February 17, 2022
3 min read
February 17, 2022
3 min read
Romeo reports receiving royalties from, being on the speakers bureau and a consultant for, and doing contracted research for Arthrex.
The fundamental relationship of caring for patients can often be overshadowed by the increasing influence of the business of health care.
Leadership may forget that physicians are not machines who can be “tuned up” to see one more patient per hour or replaced with providers who offer basic care at lower costs and acceptable risks.
At some point in our lives, we decided serving others was our lifetime vocation. Service to patients begins with listening to their reasons for seeking care. It is followed by taking thoughtful histories and performing investigative physical examinations supported by modern technology, and then applying nonsurgical or surgical techniques.
The process provides opportunities to positively change the direction of a person’s life. Successful outcomes are associated with improvements in patients’ mental health and social determinants of health.

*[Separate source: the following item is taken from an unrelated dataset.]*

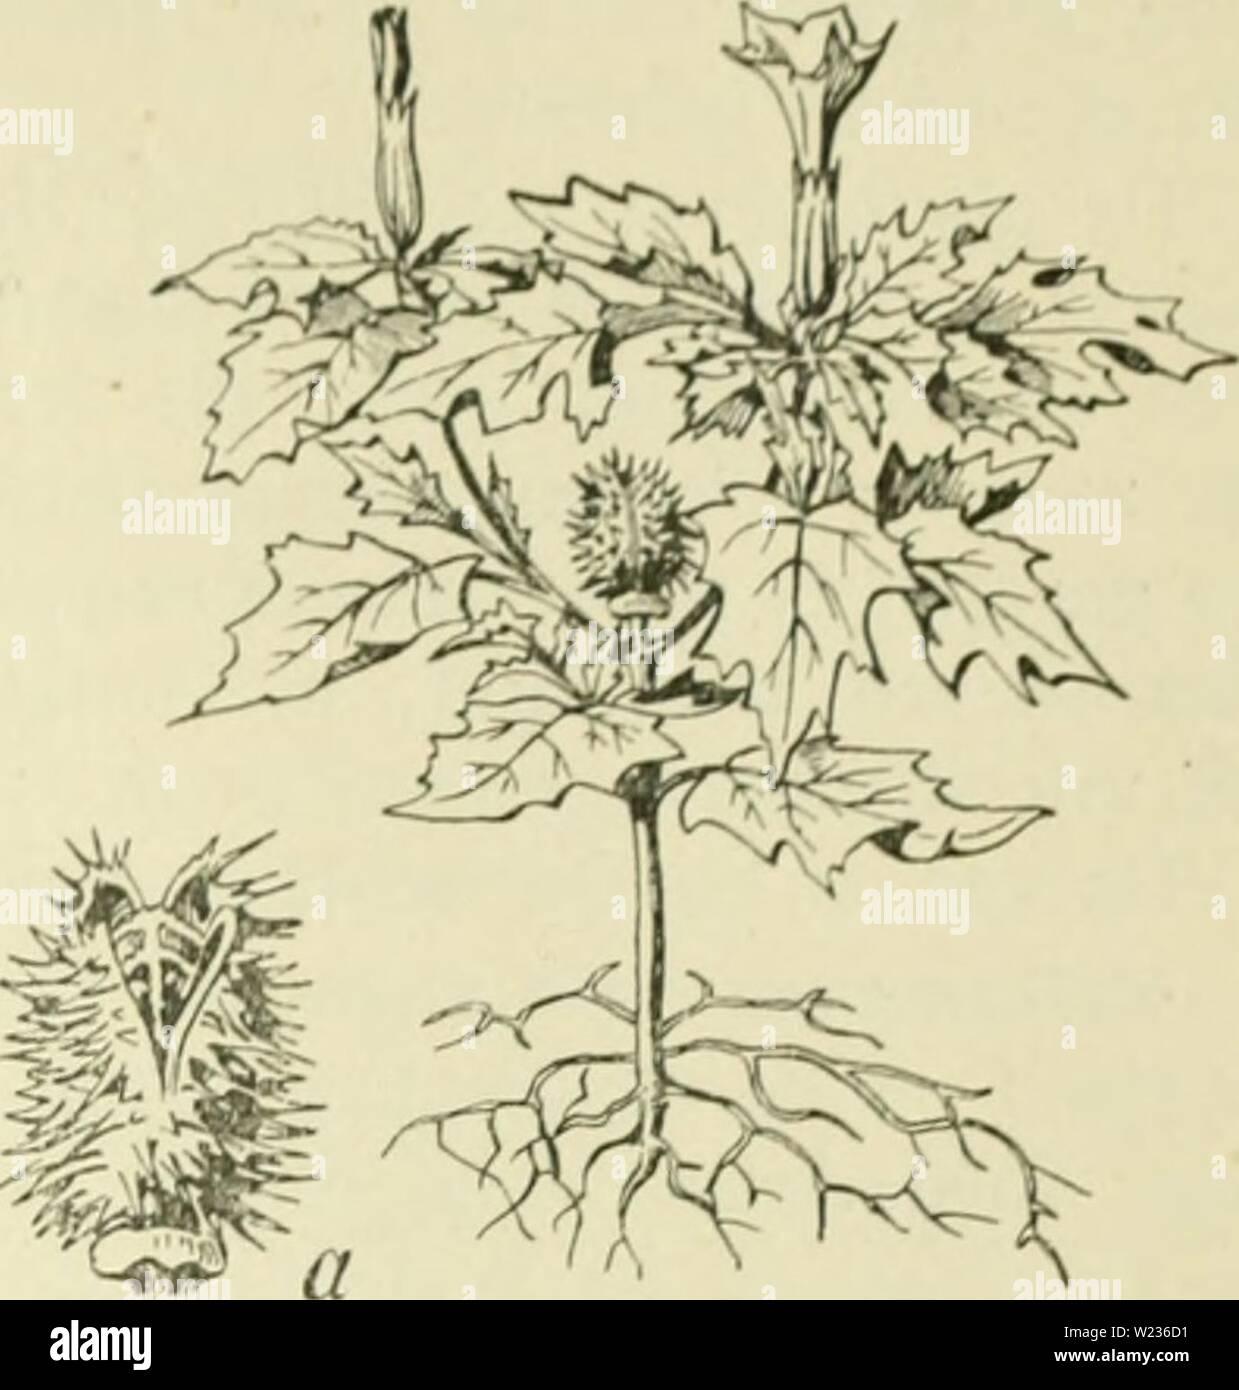 Archive image from page 138 of De flora van Nederland (1909-11). De flora van Nederland  defloravannederl03heuk Year: 1909-11.  FAMILIE 93. SOLANACEAE. — 119    Datura Stramonium Fig. 146. a vrucht. geplooid, in dcw l<noptoestand links gedraaid niet 5-Iobbigen zoom, welks slippen plotselin<4 fijn toegespitst zijn. De 5 nieeldraden zijn injesloten, neigen niet samen en liebben lijnvor- mige, overlangs openspringende helm- knopjes, die veel korter zijn dan de helmdraden. De stempel is 2-lobbig. De doosvrucht is rechtopstaand, groot, dicht met ongelijke, stijve stekels be- zet, eirond, met - Stock Image

As part of our commitment to this core relationship, we accept the responsibility of a lifelong commitment and passion for improving our medical decision-making through continued education and prioritizing information used to make the best decisions for patients. The best decisions include not only the shared knowledge through medical literature and other forms of learning, but also a greater understanding of the cost differential between treatment options and better focus on the outcomes patients prioritize in assessing the impact our relationship has on their lives.

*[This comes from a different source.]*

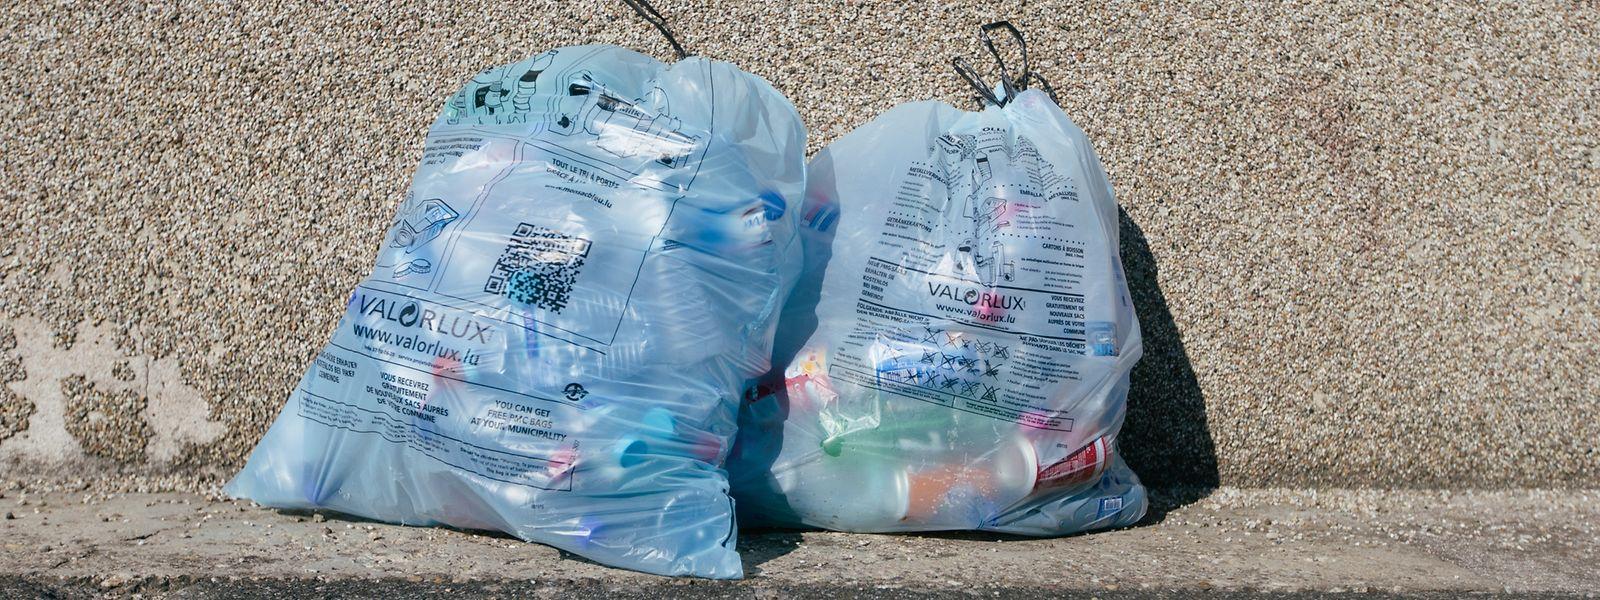 Der Umfang des Plastikverbrauchs soll in Luxemburg reduziert werden.

Mental health and social determinants of health remain in the background of care. However, there is a movement toward these issues receiving greater weight in our decisions as these have a significant impact on patient outcomes independent of the best possible orthopedic care provided.
With these principles in mind, we should approach each opportunity for learning within the framework of evidence-based medicine. We need to mentally establish the evidence-based foundation of overall care to best serve patients.
For example, we know stabilizing acute fractures of the hip in elderly patients is best performed as close to the event as possible to facilitate mobility, comfort, breathing and personal care, as well as reduce the incidence of associated morbidity and mortality, although there may be disparity when defining the best fixation method. Therefore, we expedite the process to surgically stabilize the fracture as soon as possible, using the technique we believe works best in our hands. Some components of the process are not supported by well-established evidence-based medicine. However, the overall guiding principles and care are rooted in the evidence provided from high-quality studies.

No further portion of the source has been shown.